◆ **Provided entries**
####################
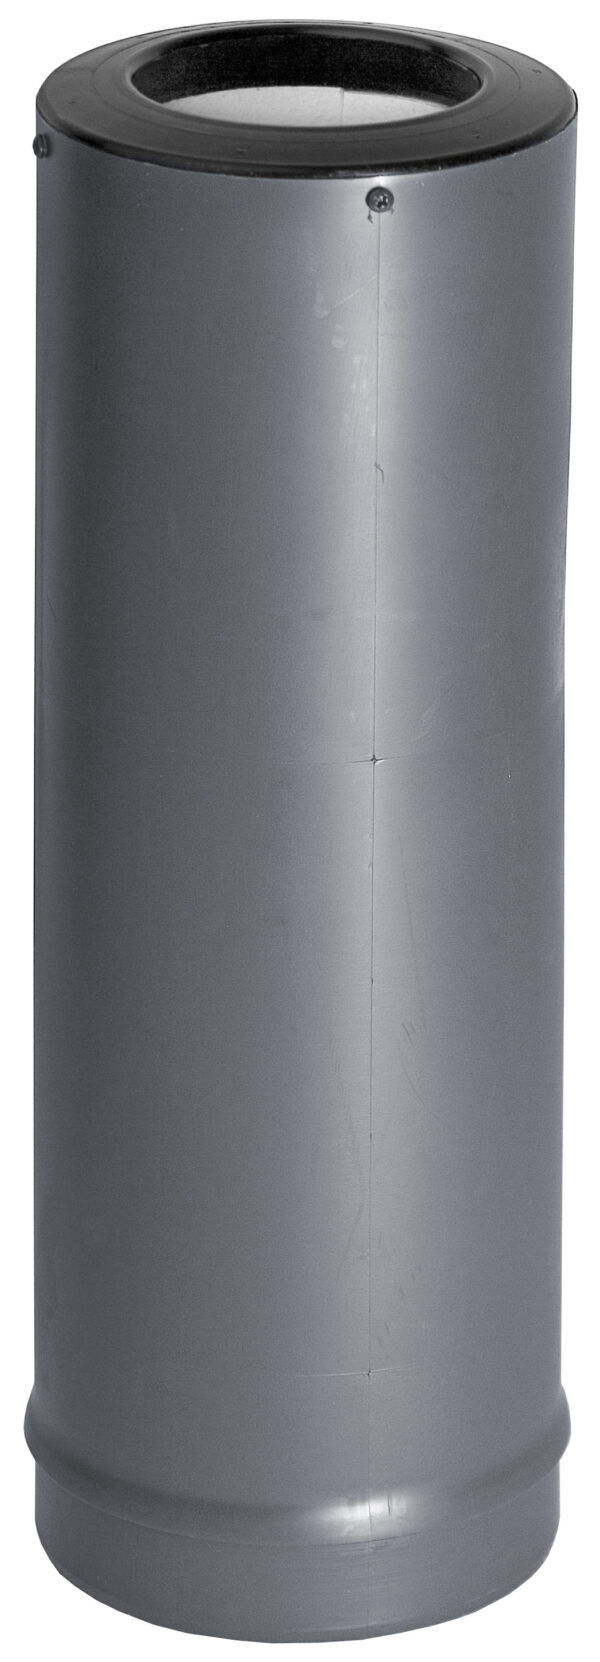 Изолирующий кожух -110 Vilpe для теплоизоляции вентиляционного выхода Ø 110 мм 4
####################
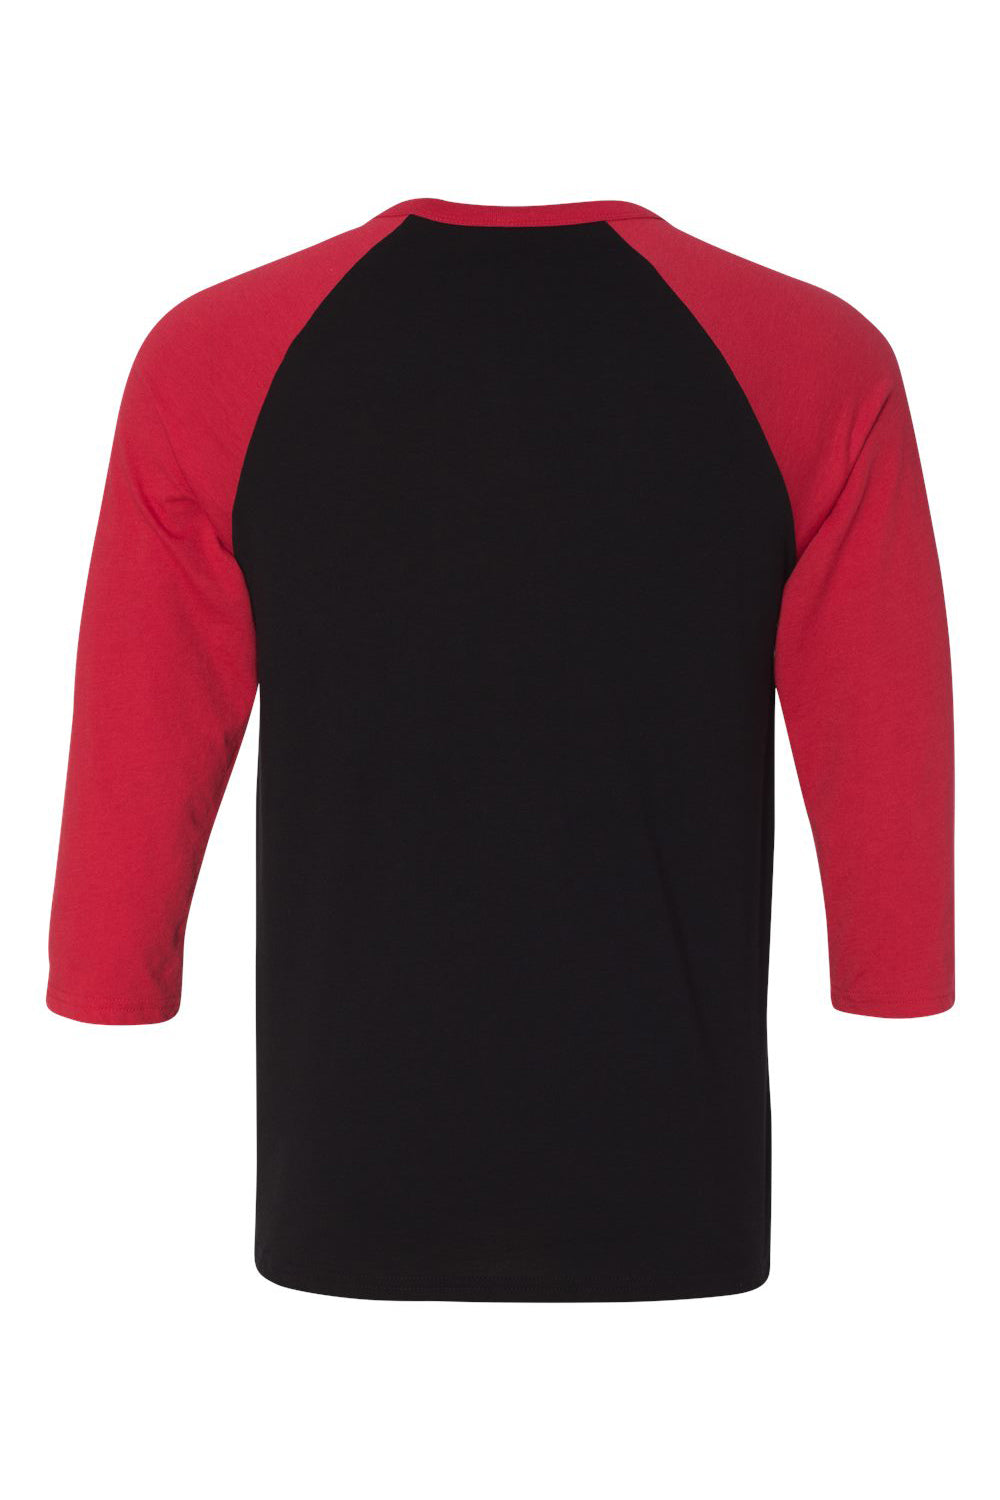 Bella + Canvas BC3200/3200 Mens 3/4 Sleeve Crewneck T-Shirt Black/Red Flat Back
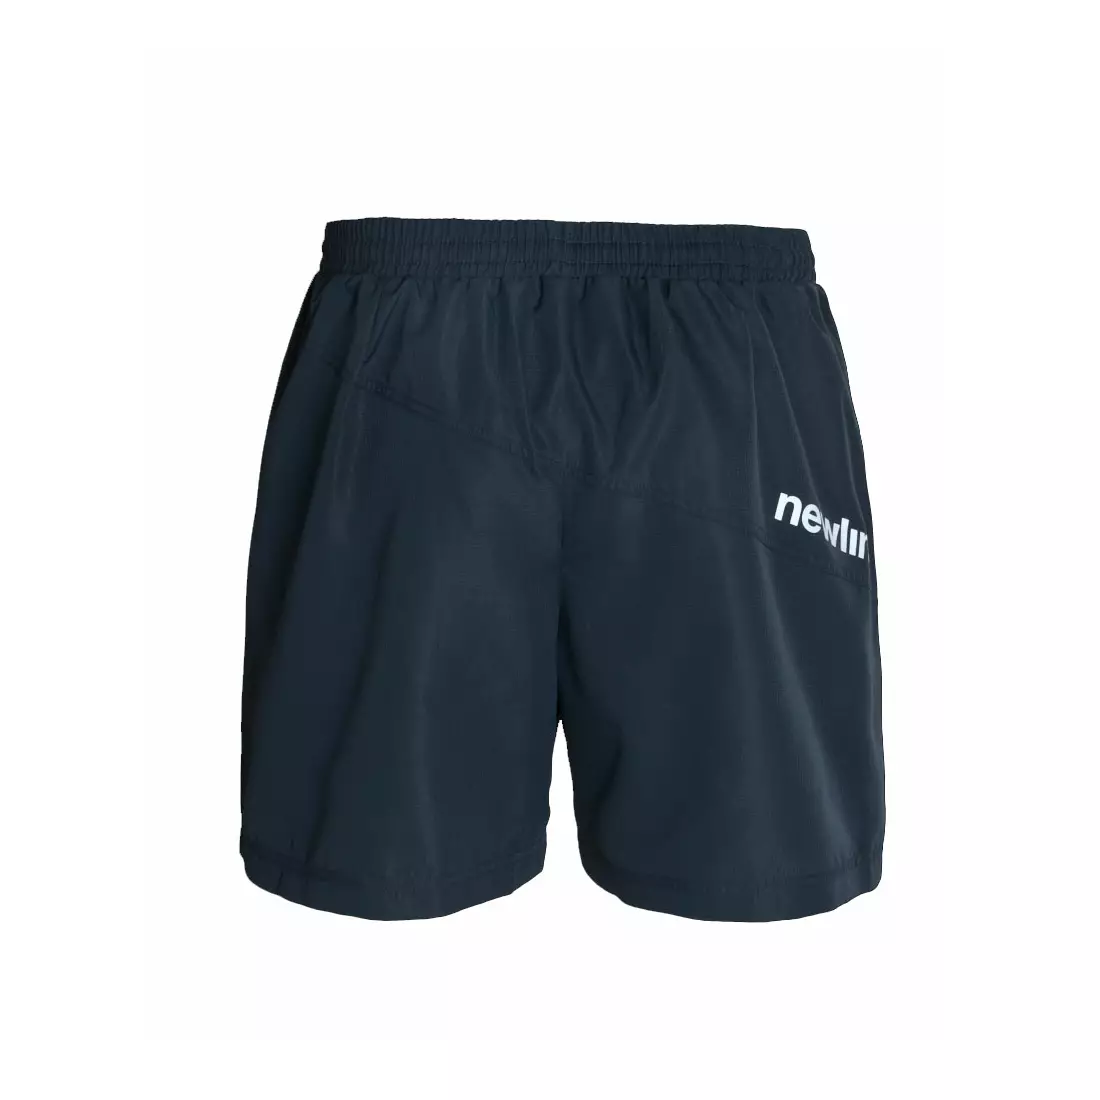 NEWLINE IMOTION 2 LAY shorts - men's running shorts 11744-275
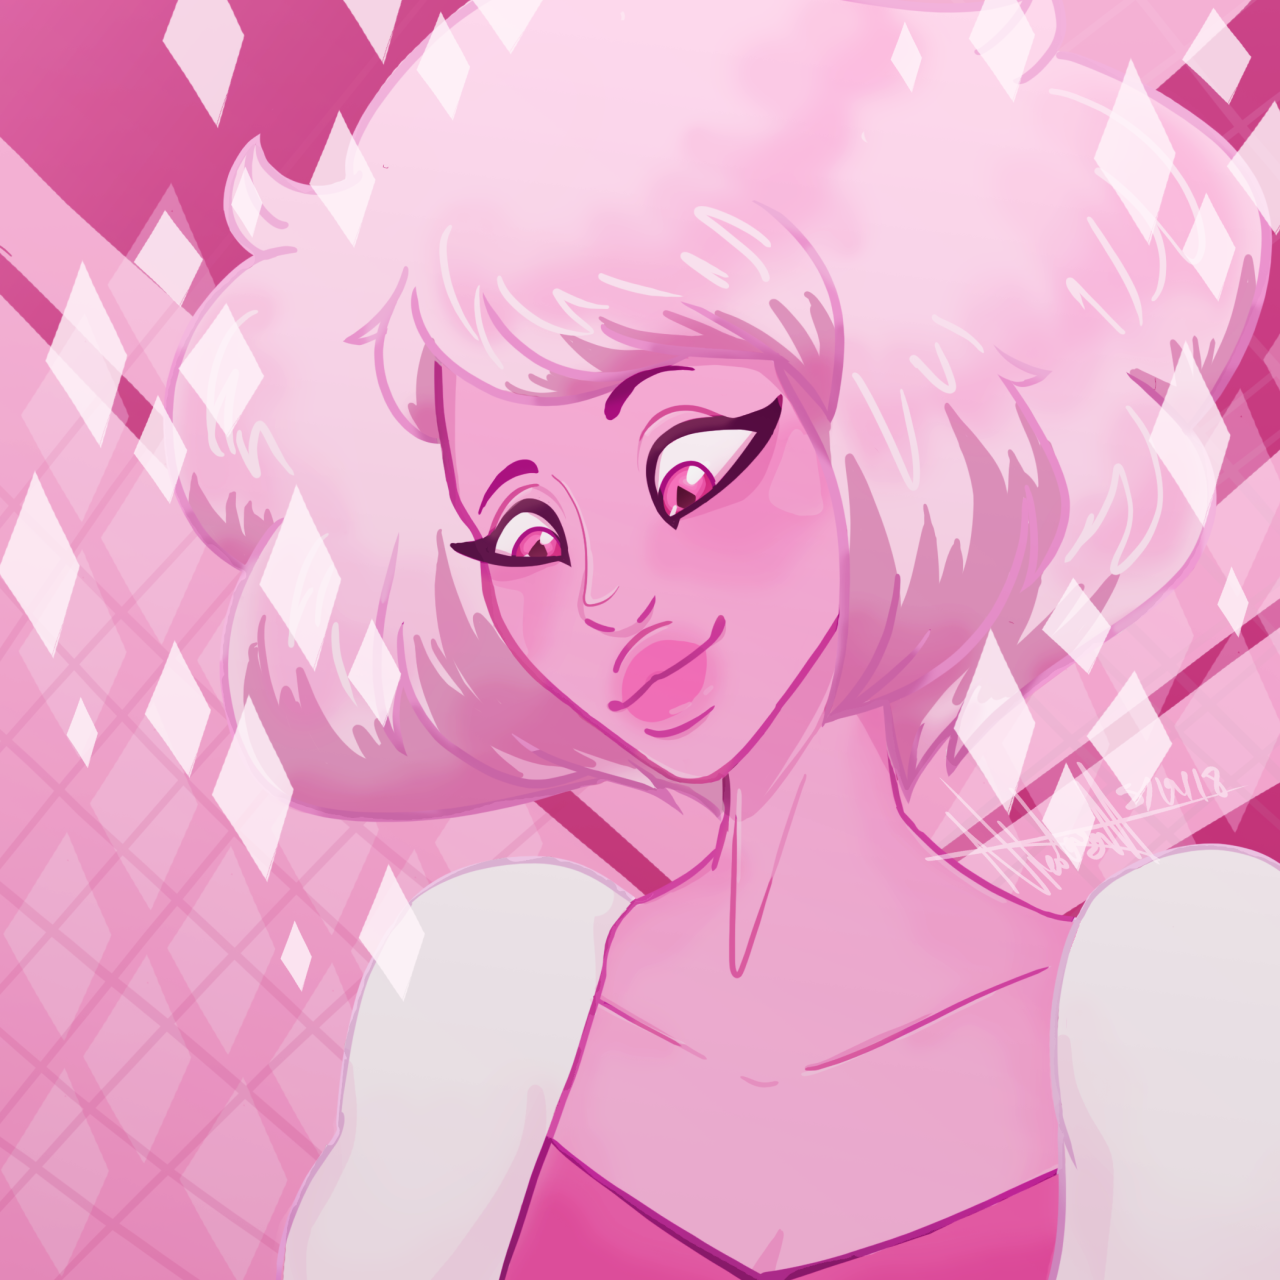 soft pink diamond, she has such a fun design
####################
Each line above that falls between the line with "Bella + Canvas" and the line with "soft pink diamond, she has such a fun design" should be printed exactly, together with those two lines, but the pictures should not.

◆ **Result of this task**
 Bella + Canvas BC3200/3200 Mens 3/4 Sleeve Crewneck T-Shirt Black/Red Flat Back
 NEWLINE IMOTION 2 LAY shorts - men's running shorts 11744-275
 soft pink diamond, she has such a fun design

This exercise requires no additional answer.